Это сказал сам Рембрандт и, как ему показалось, не солгал: он ведь погрузился в бесконечный поток света, а для человека, всю свою жизнь посвятившего поискам света, это было далеко не самое худшее из возможных положений. Художник почувствовал, что улыбается.
Между остальными завязался разговор, но Рембрандт не принял в нем участия и продолжал есть виноград, отрывая ягоды от корешков, разжевывая беззубыми деснами и выуживая косточки языком: это хоть отчасти успокаивало его тревогу.
— Не ешь так много винограда, отец. У тебя разболится живот, — вмешалась Корнелия.
— Оставьте его в покое, — заступился за друга доктор. — Виноград ему не повредит.
И художник услышал, как тот же голос, рядом с ним за столом, спросил:
— Как ребенок?
Ребенок? Какой ребенок, Ромбартус, выхваченный из черной колыбели и еще на одно мгновение спасенный любовью от когтей смерти? Нет, это было давно… Ребенок на картине? Но в том виде, в каком Рембрандт оставил его, никто бы не признал в нем ребенка.
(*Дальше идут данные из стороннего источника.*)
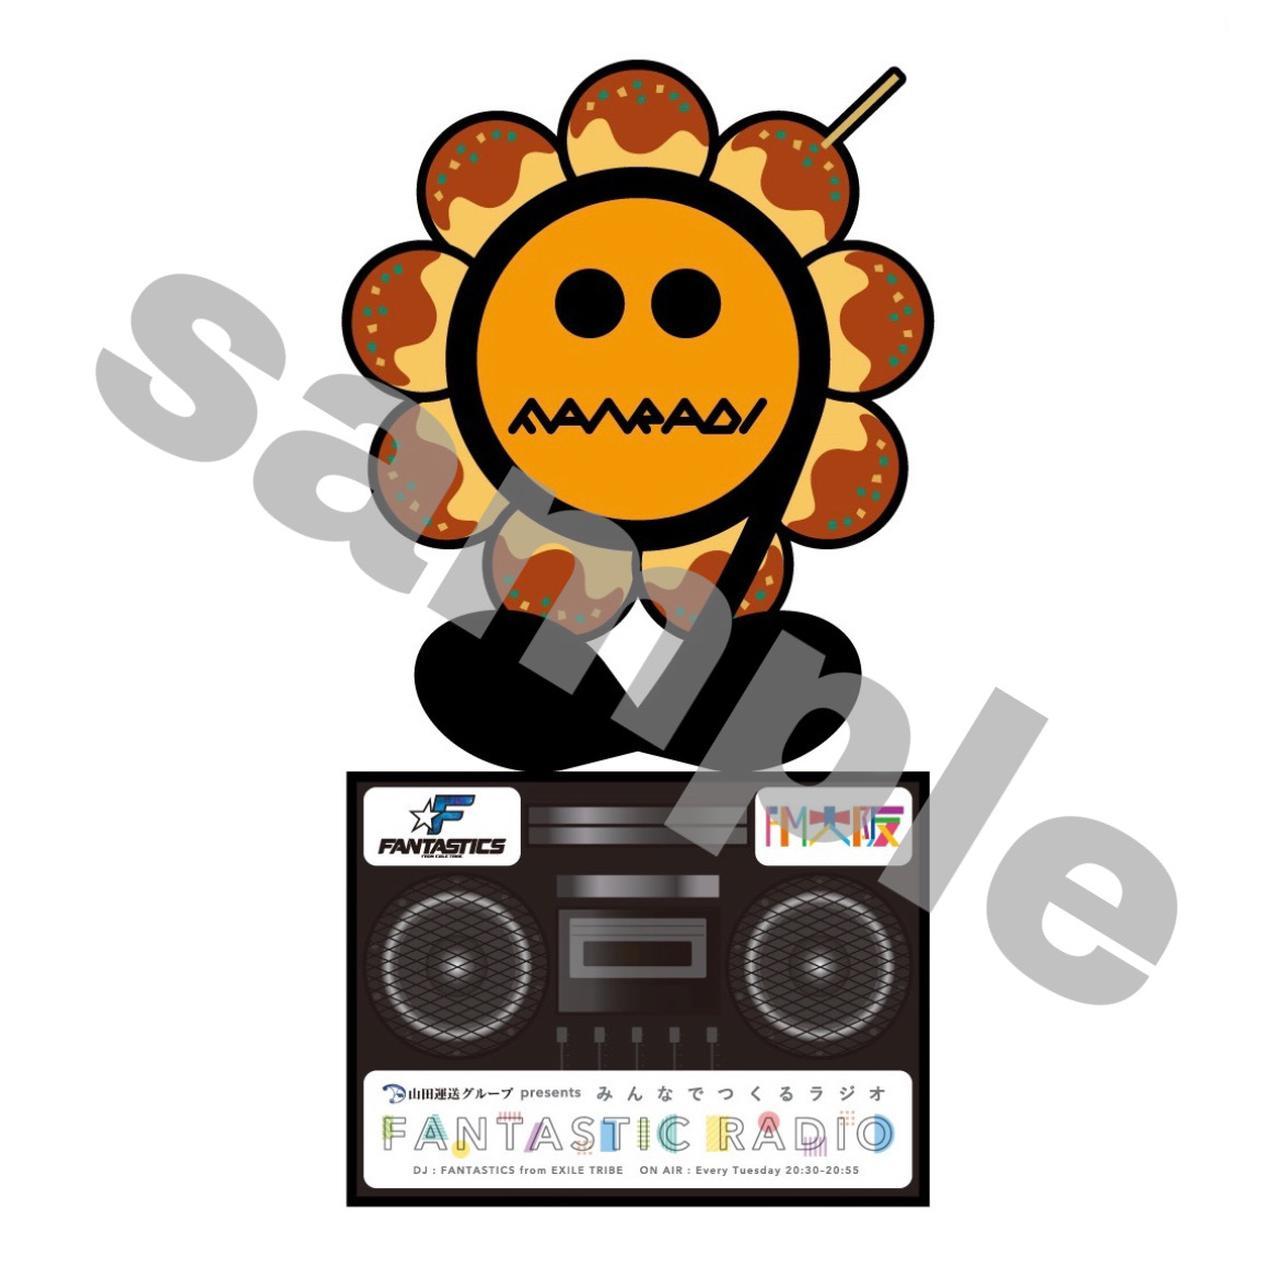 画像: 山田運送グループ presents みんなでつくるラジオ「FANTASTIC RADIO」

Это был еще просто комок, окруженный сиянием, которое он излучал, но Арт придаст ему форму, Арт допишет его в манере учителя, и, пожалуй, люди не догадаются, кто заканчивал полотно…
— Я спрашиваю, Рембрандт, как ребенок?
— О каком ребенке вы говорите, Николас?
— Ясное дело, о вашей внучке — дочери Титуса и Магдалены.
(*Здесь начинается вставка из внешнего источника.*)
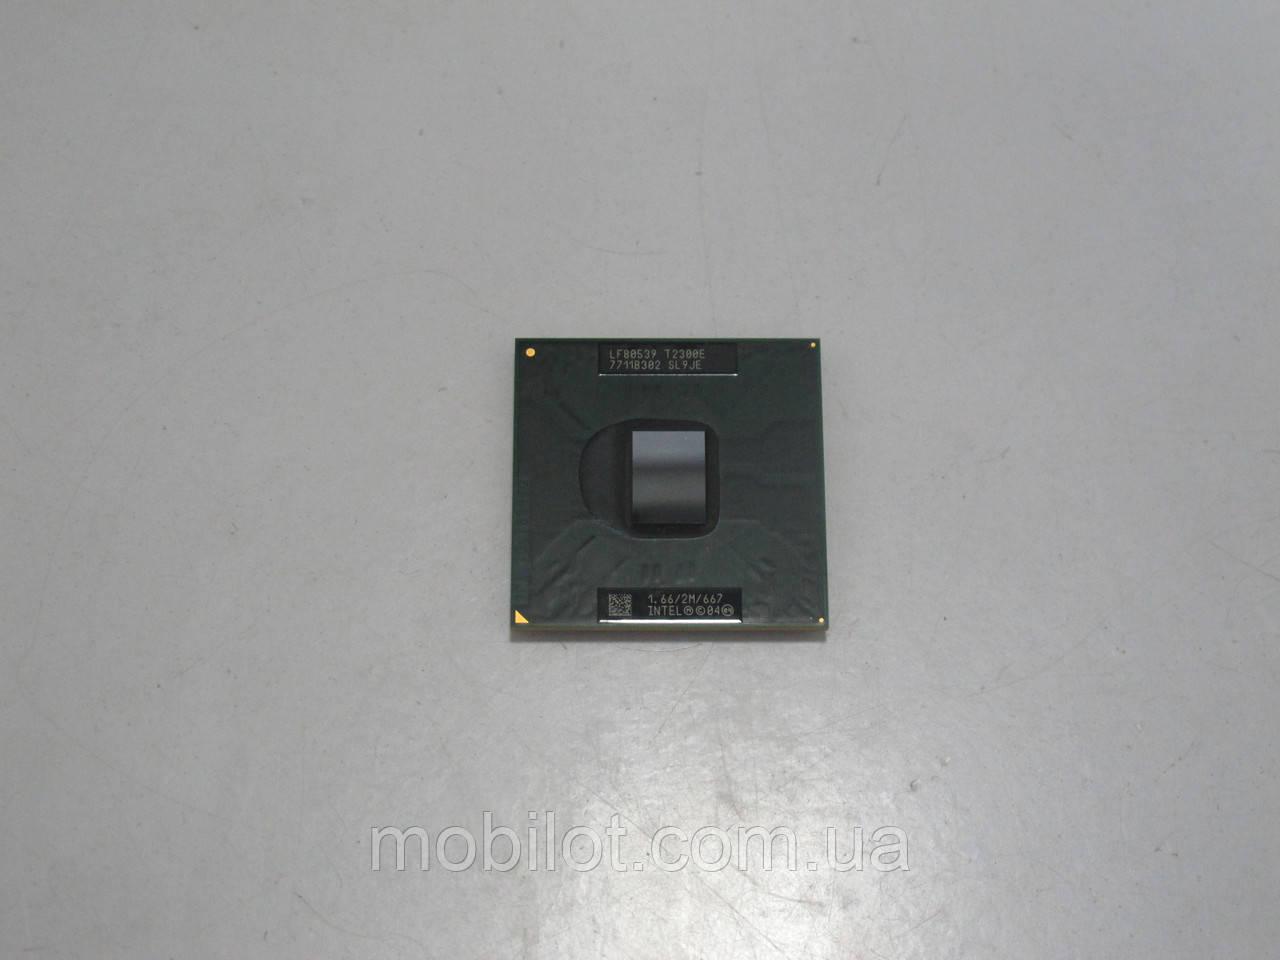 Процессор Intel Core Duo T2300E (NZ-6600)

— Да, да, конечно. — Увы, он начисто позабыл о ребенке и не раз с горечью думал, что род их — род Титуса, род Саскии — затерялся в черной пустоте. — Как назвали девочку?
— Тицией, отец. В честь Титуса.
Рембрандт, не разжевывая, проглотил последнюю ягоду и понял, что именно мысль об этом ребенке преследовала его, лишая покоя во время вынужденного отдыха.
— Вот что, Корнелия, — промолвил художник, глядя на яркие расплывчатые очертания дочери, сидевшей на противоположном конце стола. — Давай-ка сходим взглянуть на ребенка. Я же никогда не видел его. Пойдем прямо сегодня.
— Нет, отец, ты устал.
— Успеете и завтра, учитель.
— Конечно, завтра, ваша милость.
— Если он хочет идти сегодня, пусть идет. Мне
в ту же сторону, мы пойдем вместе, а к тому времени, когда надо будет возвращаться, по улицам поедут телеги, и вы попросите возчика подвезти вас. Только обязательно захватите с собой фонари, Корнелия: в городе туман, и когда вы пойдете домой, будет уже ни зги не видно.Все-таки его старый друг очень любезен. Не упомяни он про туман, Рембрандт в самом деле подумал бы, что дошел до состояния Евангельского Симеона и почти ослеп. Когда они втроем вышли из дому, улицы были так темны и туманны, что художник не различал ничего, кроме фонарей в руках у Тюльпа, Корнелии и обгонявших их прохожих. Фигуры людей были стерты, и раздутые, розоватые контуры фонарей, казалось, двигались сами по себе.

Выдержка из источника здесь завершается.